§ **Task instructions**: The required output is the run of lines from the one holding "Terracotta bricks for DIY Nativity Scene 4" through the final line of the listing, restated word for word, with no pictures.
*** Opening Material provided ***
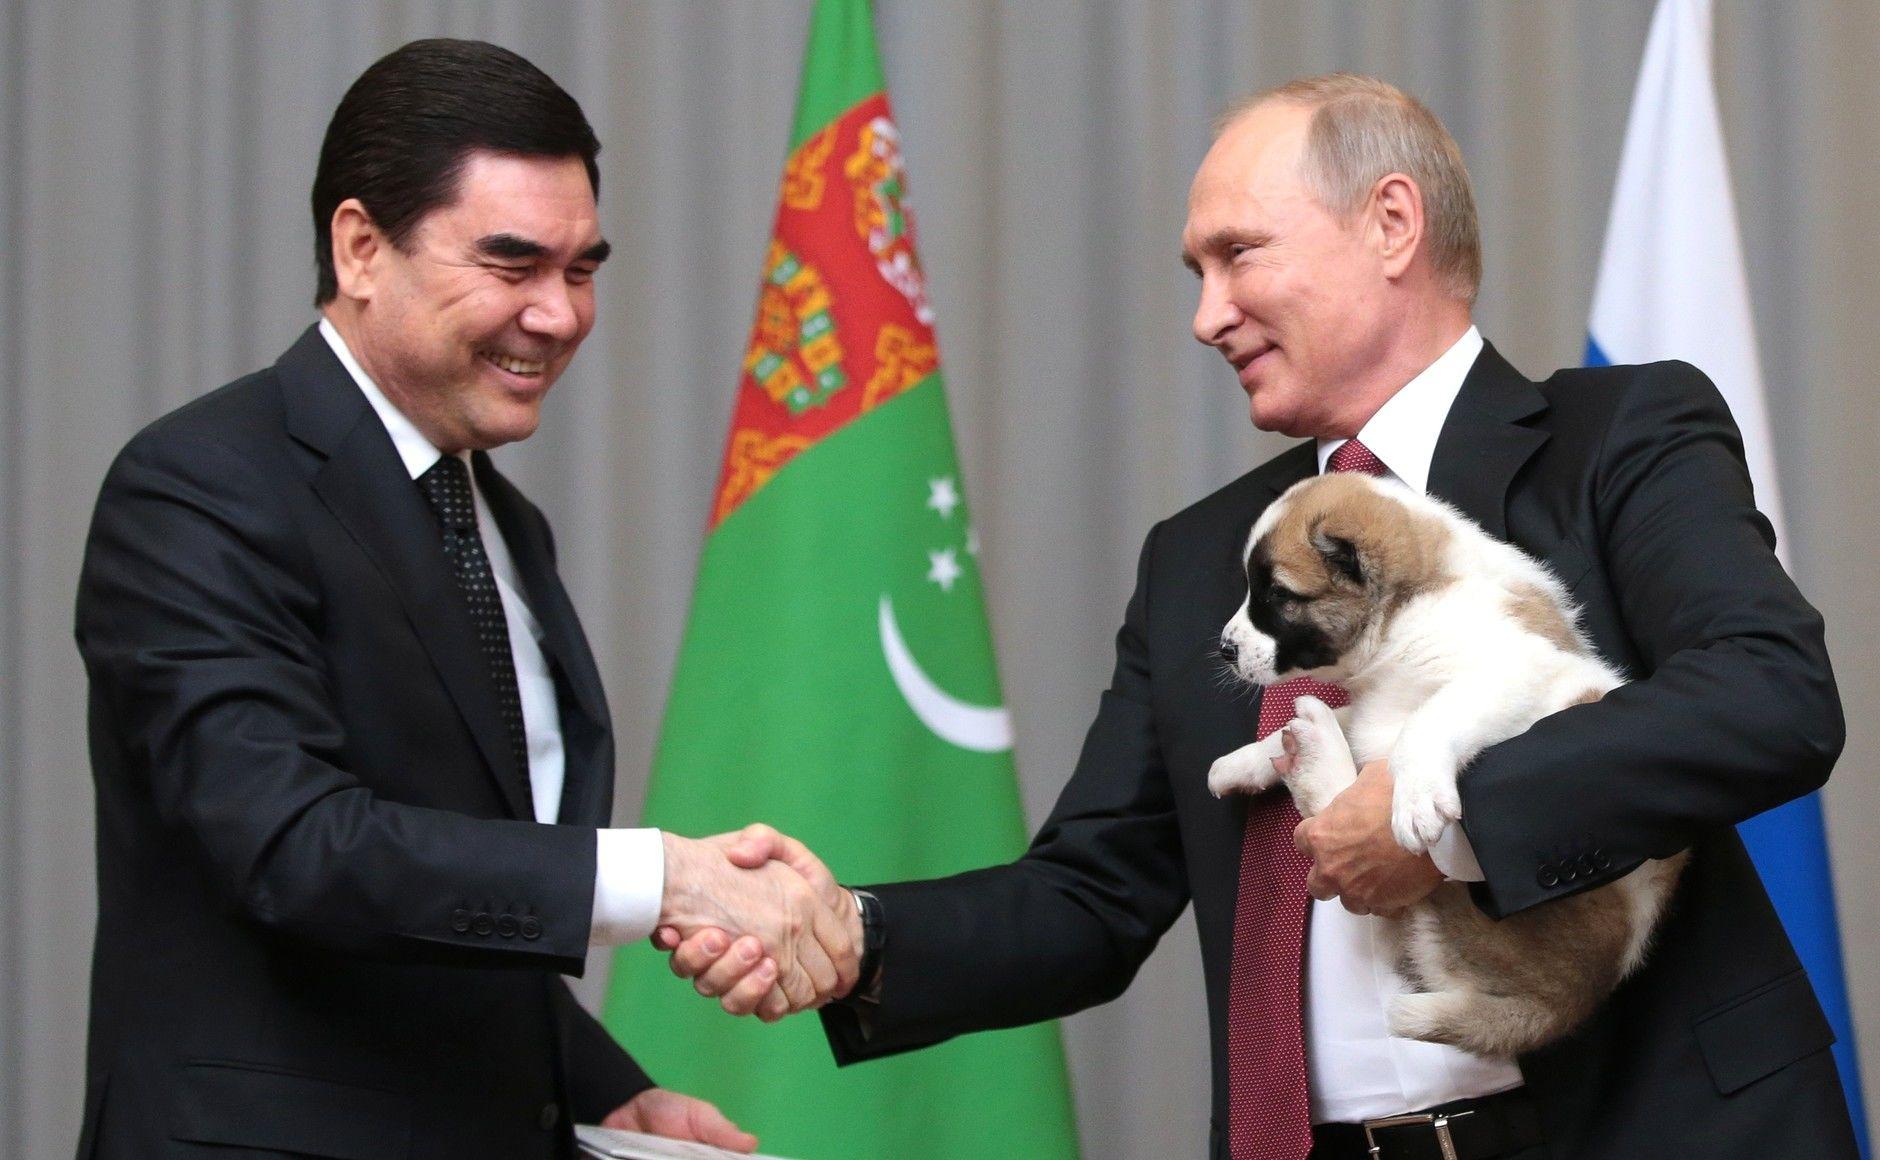 Президент Туркменистана подарил Владимиру Путину щенка алабая по кличке Верный ©Фото с сайта commons.wikimedia.org
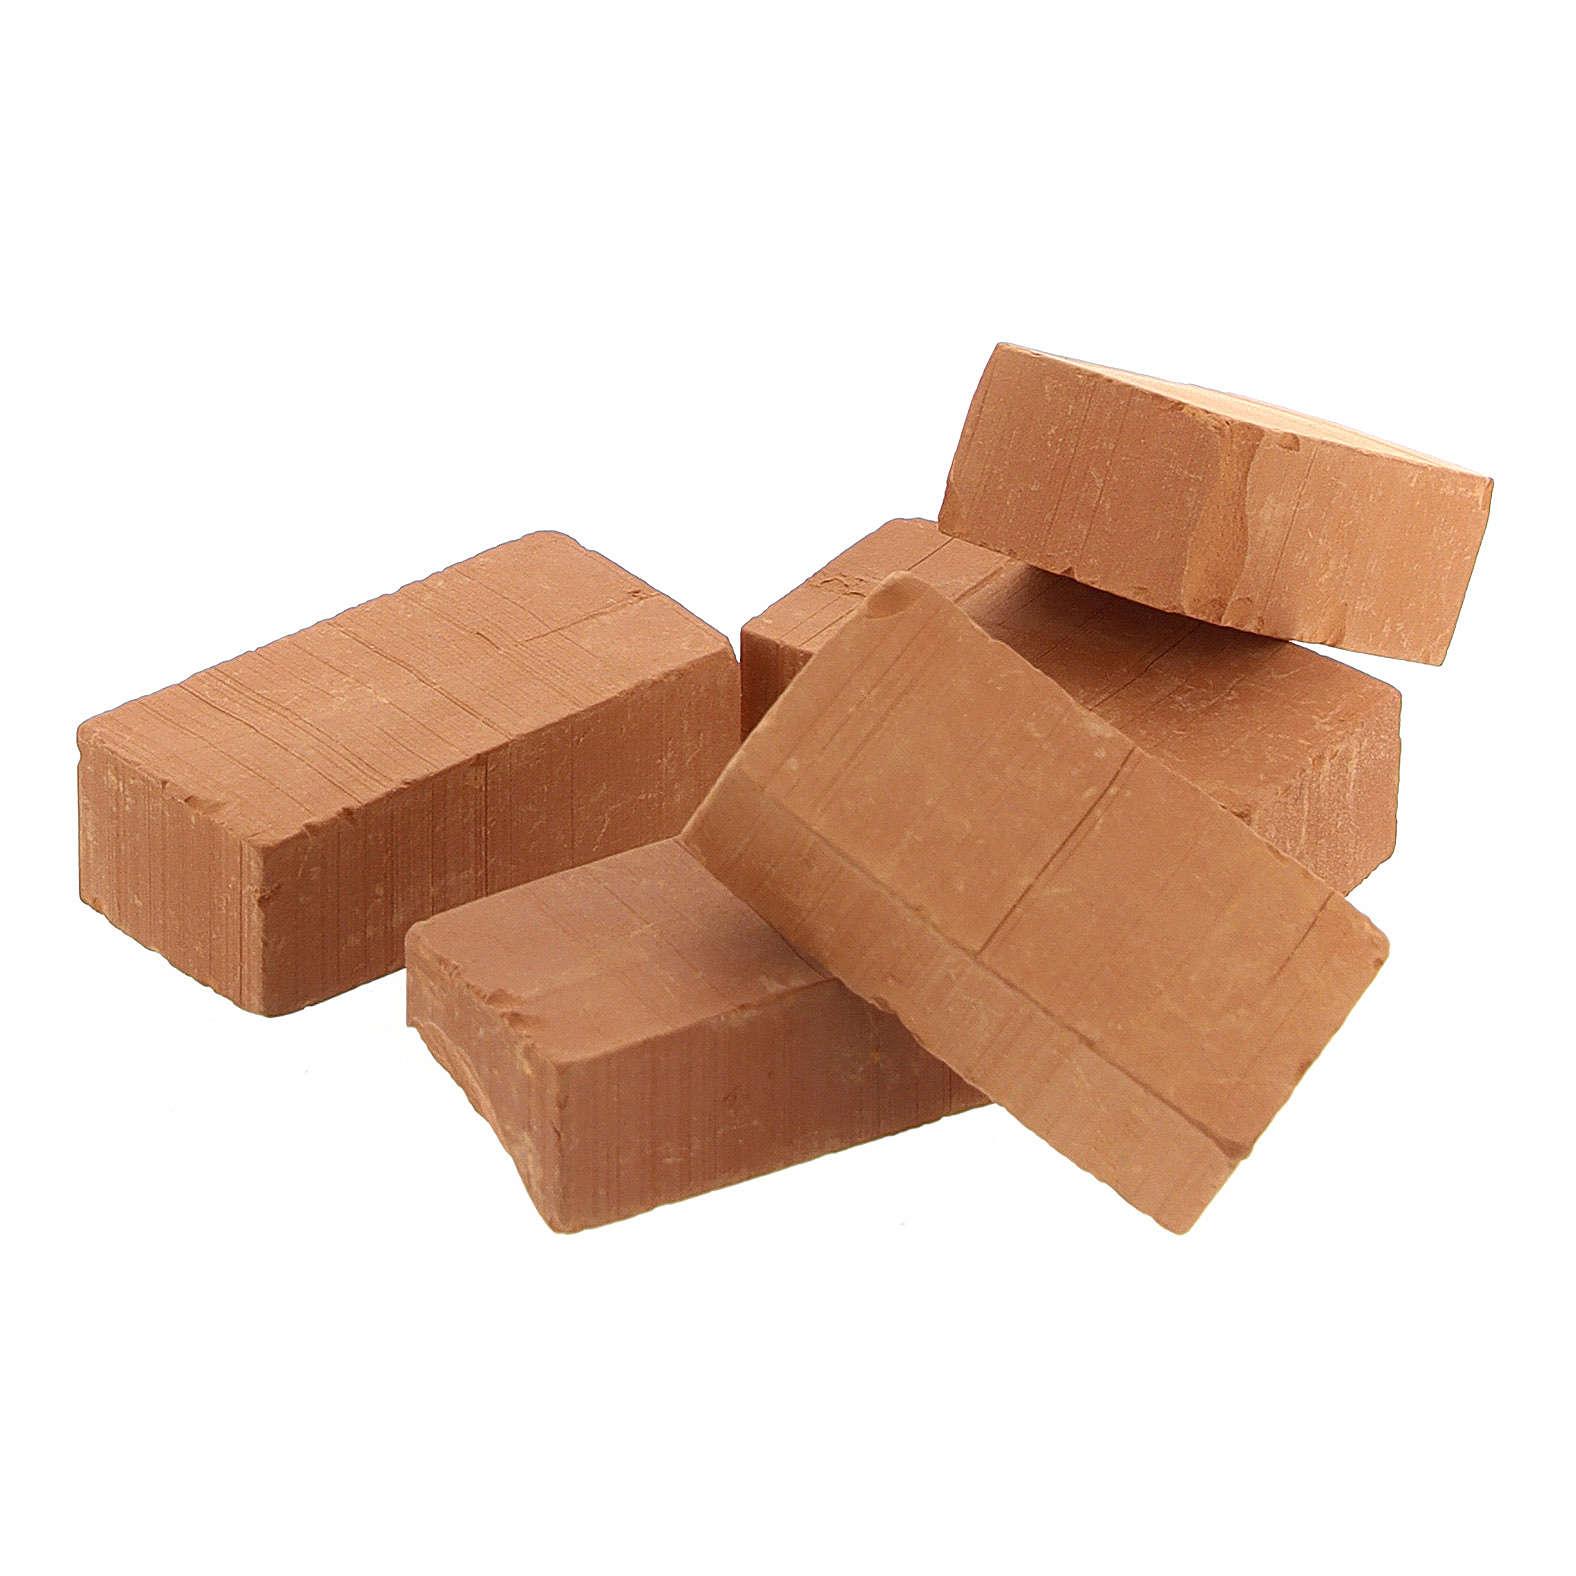 Terracotta bricks for DIY Nativity Scene 4
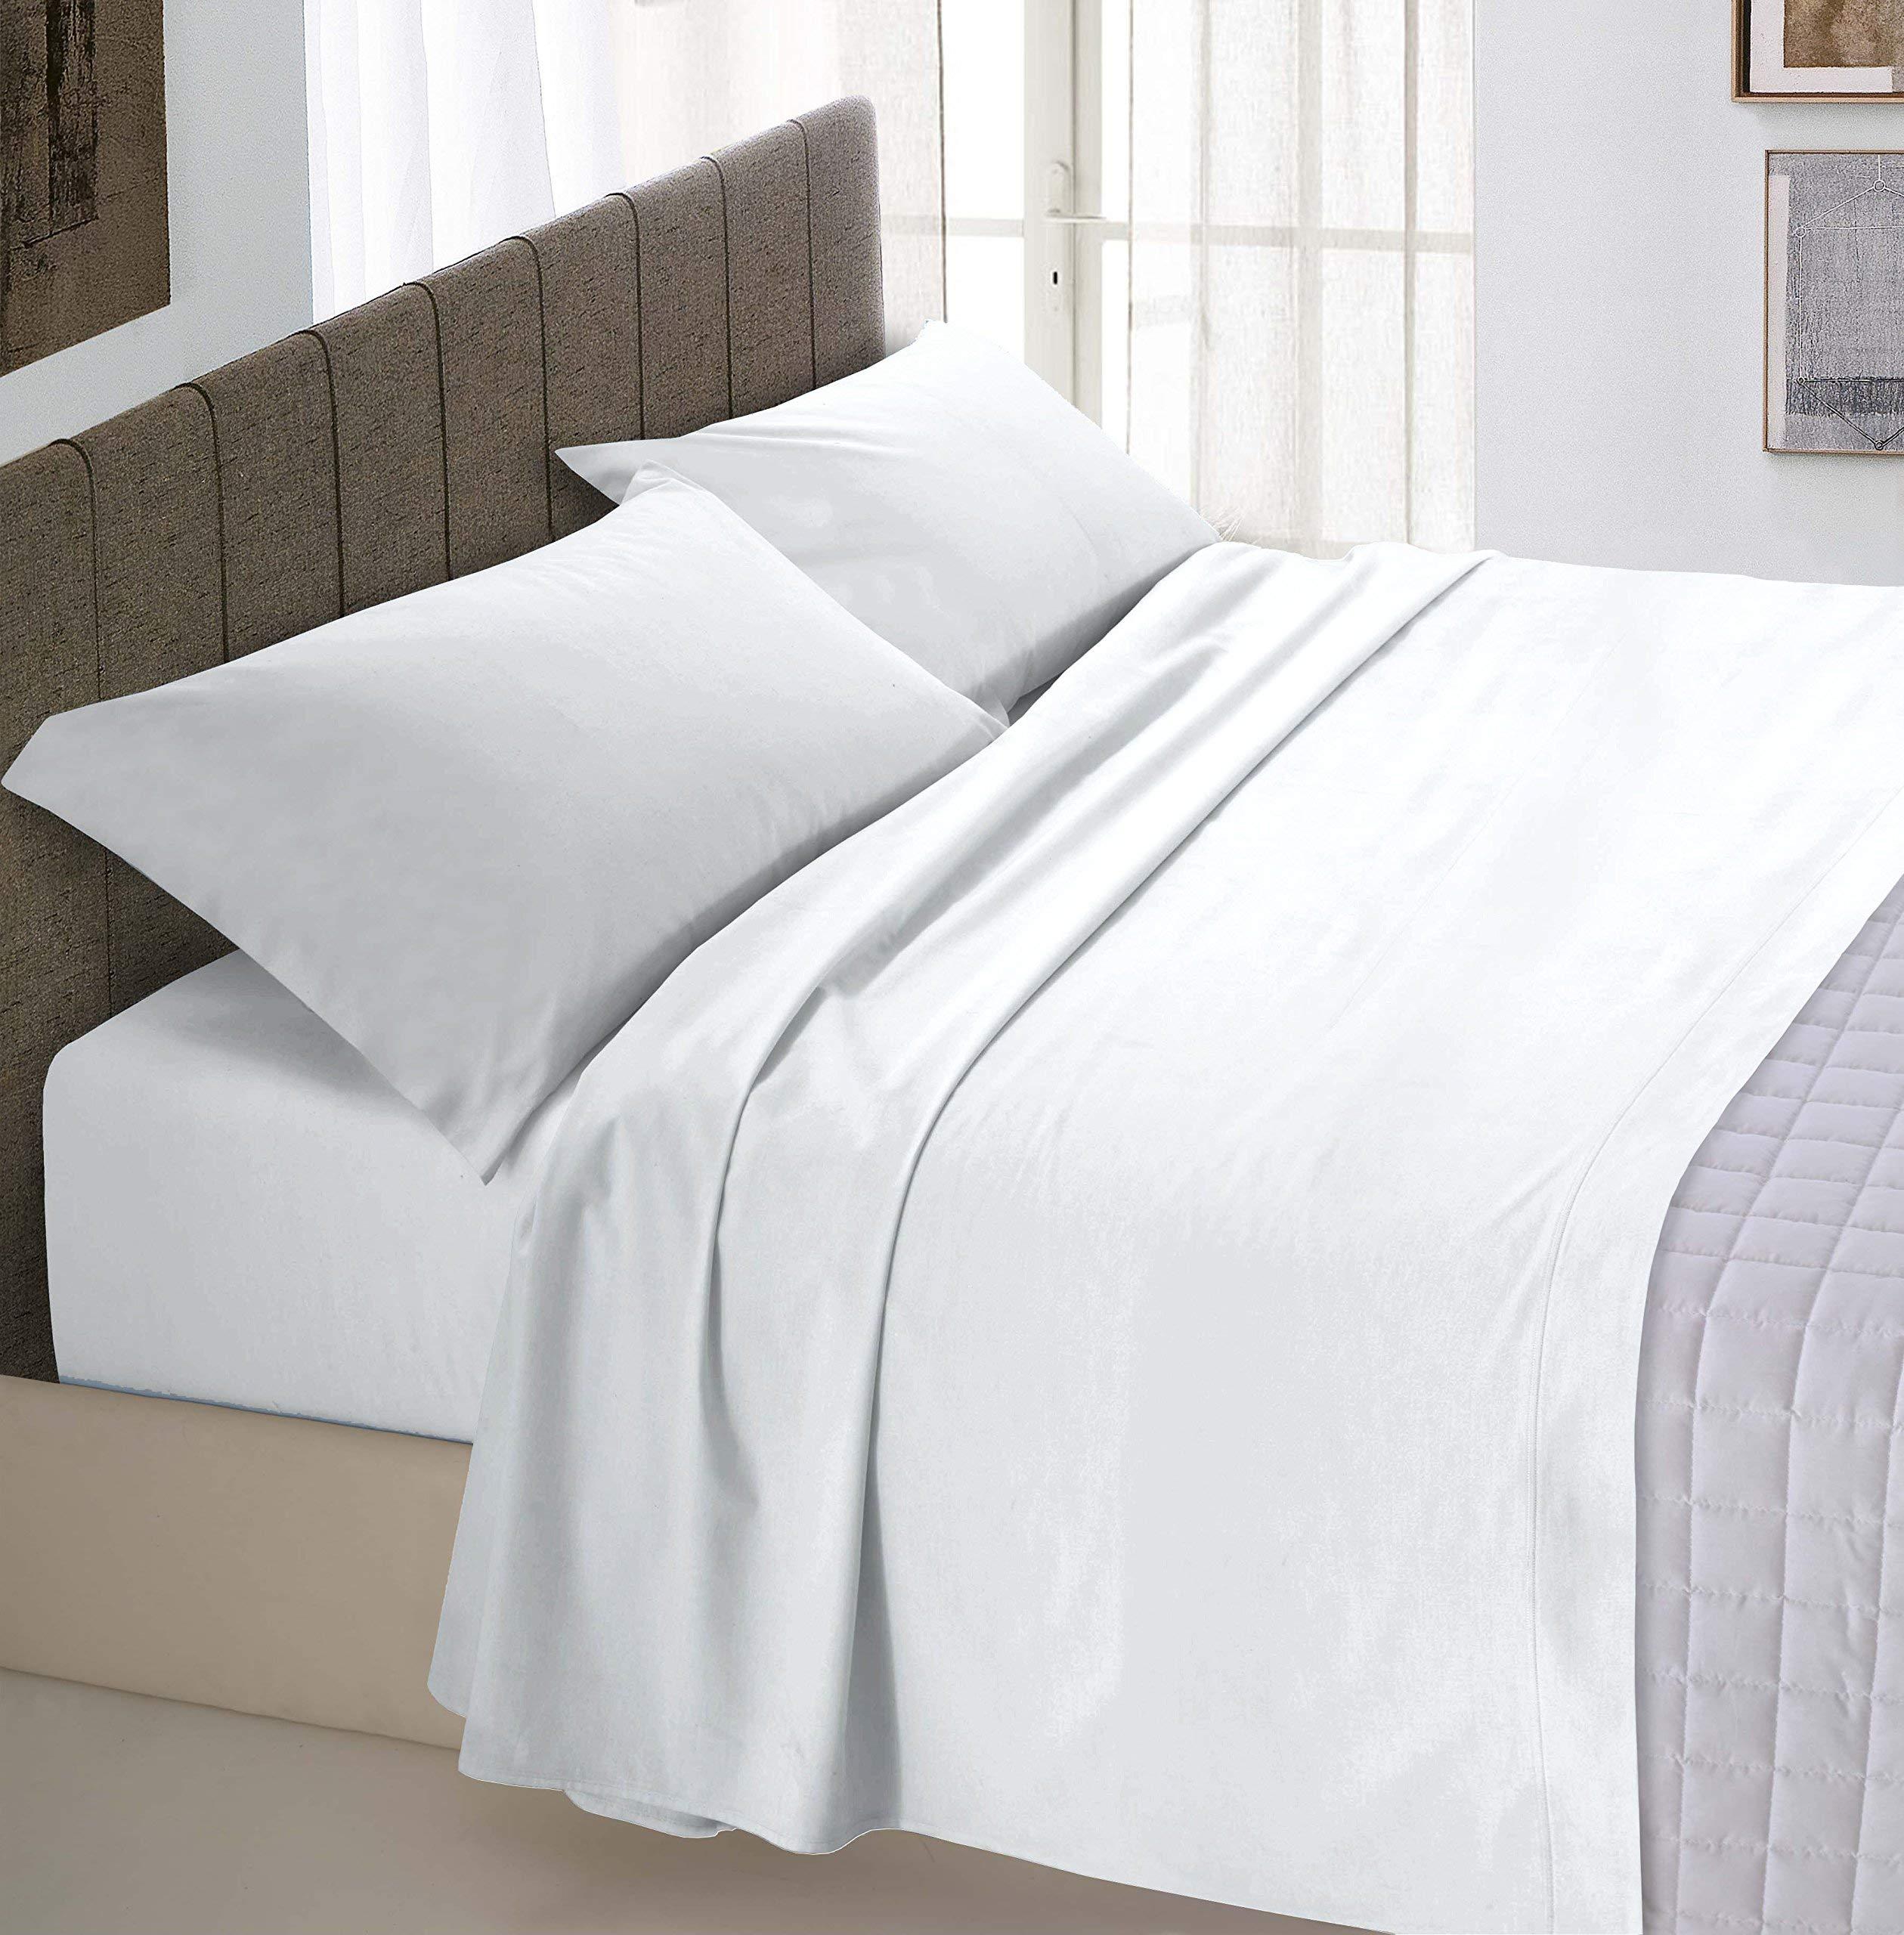 Italian Bed Linen Max Color Sábana Encimera, 100% Algodón, Blanco, 150x300 cm: Amazon.es: Hogar
*** Closing Material provided ***
§ **Exercise response**:
 Terracotta bricks for DIY Nativity Scene 4
 Italian Bed Linen Max Color Sábana Encimera, 100% Algodón, Blanco, 150x300 cm: Amazon.es: Hogar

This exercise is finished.